Now we are 7 days in, and I have almost resigned myself to the fact that 5 is the new 6. Also, there is not enough coffee in the world to get me through this.
Or by screaming children … 

This morning, in sheer desperation, I wrote the following message on the stove:

Clearly I am in a stupor, otherwise I would have scribed this on something that other people in the house actually look at … but no, I chose the stove. I may as well have scribbled it in the leftover lint that dusts the top of the dryer … no one else looks at it either.

Sigh. I'm gonna grab me a Gin and have me a pity party today. Anyone want to take my kids for a sleepover?

Thursday, 7 November 2013

6 Year Olds CANNOT Be Trusted

There's nothing quite as humbling as becoming a victim of unexpected exposure.

A couple of weeks ago we dropped E off at choir, then headed back outside to enjoy some fresh air and activity until she was done.

About 20 minutes later, B decided he needed to use the bathroom "Really, REALLY BAD", so I took him back inside the church to use the 'facilities'.

Because the men's room was occupied, and he was squirming more than Rob Ford* at a press conference, I suggested he use the ladies room. After dragging him by the ear much convincing, he finally relented and came inside the washroom with me. While there, I decided that I could probably take advantage of the situation rather than having to return 5 minutes later.

As soon as he was done, I begged told B to wait patiently by the sink with his back toward me and proceeded to 'settle' myself. No sooner had I made seat contact, he stomped over to the door, grabbed the handle and flung it open, then ran into the main foyer leaving me literally with my pants down.

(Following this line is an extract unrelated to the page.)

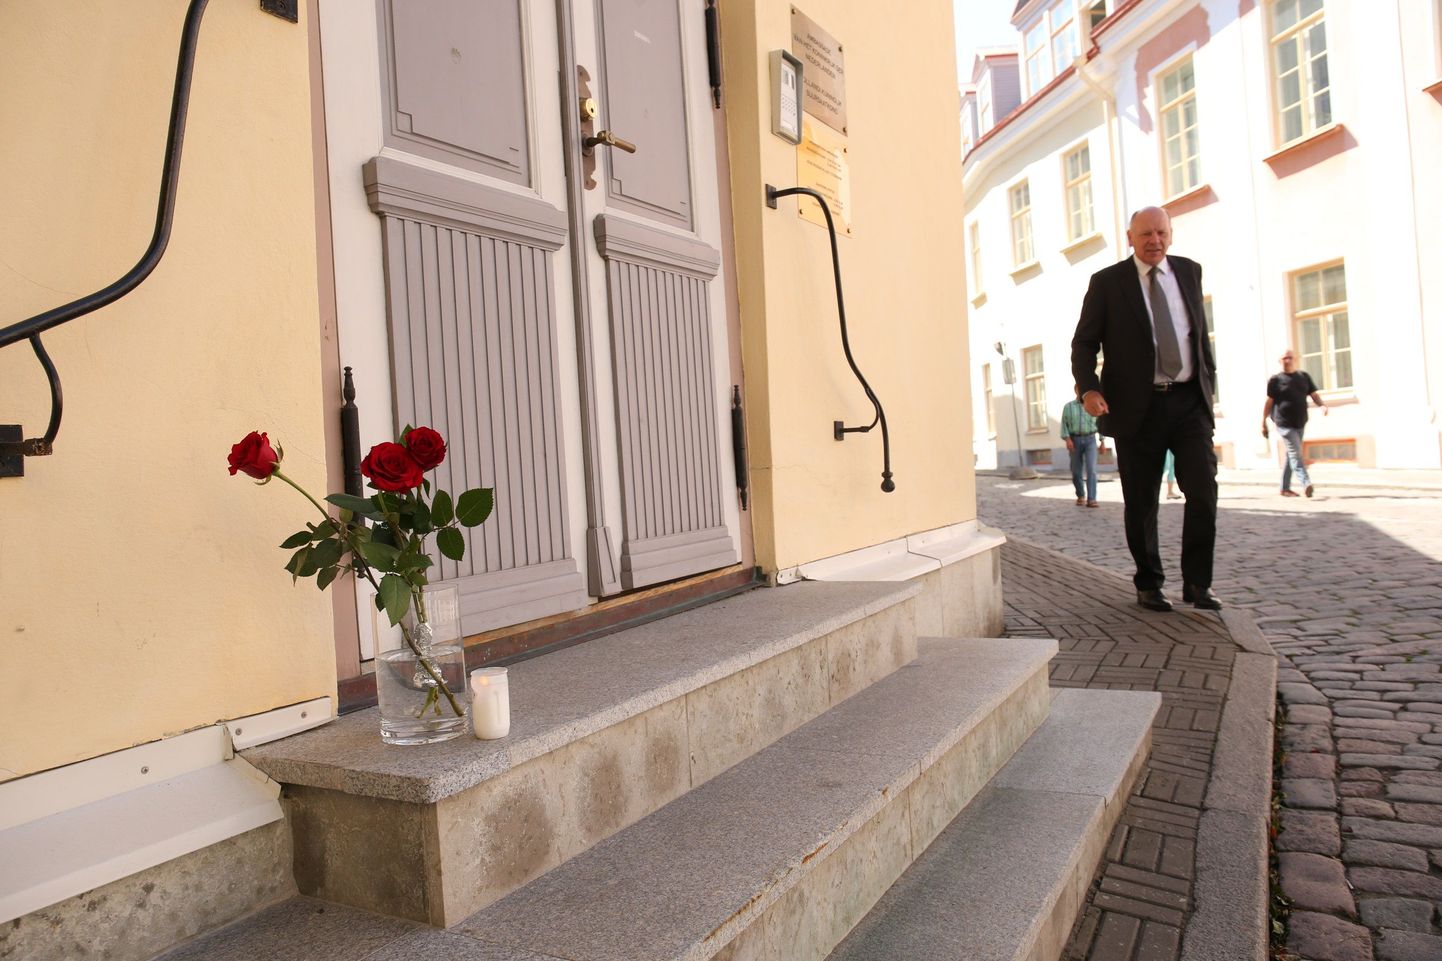 Hollandi suursaadik Eestis Jos Schellaars ütles, et eile õhtul toodi saatkonna ette lilli ja küünlaid. Tänaseks olid neist järel vaid üksikud roosid ja küünal.

At which point I was grateful for three things:

Number 1
The woman seated directly across the hall from the washroom kindly averted her eyes and saved her laughter for later.

Number 2
All the squats I've been doing over the past two years have obviously paid off. I was able to waddle cover the 7 feet from the toilet to the door whilst my pants were at my knees and my lily white arse swung wildly to and fro in what I'm certain could be deemed as record time.

Image Credit: Mike Talma (you can see my pathetic attempt I erased before asking him for help)
Good thing I was wearing my fancy red boots and skinny jeans that day.
Also - what the heck is with my arms?!?
Number 3
I managed to hold in my sneeze until AFTER I scooted back to the toilet and sat down (those of you who have children will understand what I mean)

The moral of this story?

My red boots look hot and might help me turn into Wonder Woman when faced with a challenge. That, and 6 year old boys suck.

*If for some reason you live under a rock and don't know who Rob Ford is, I suggest you google him.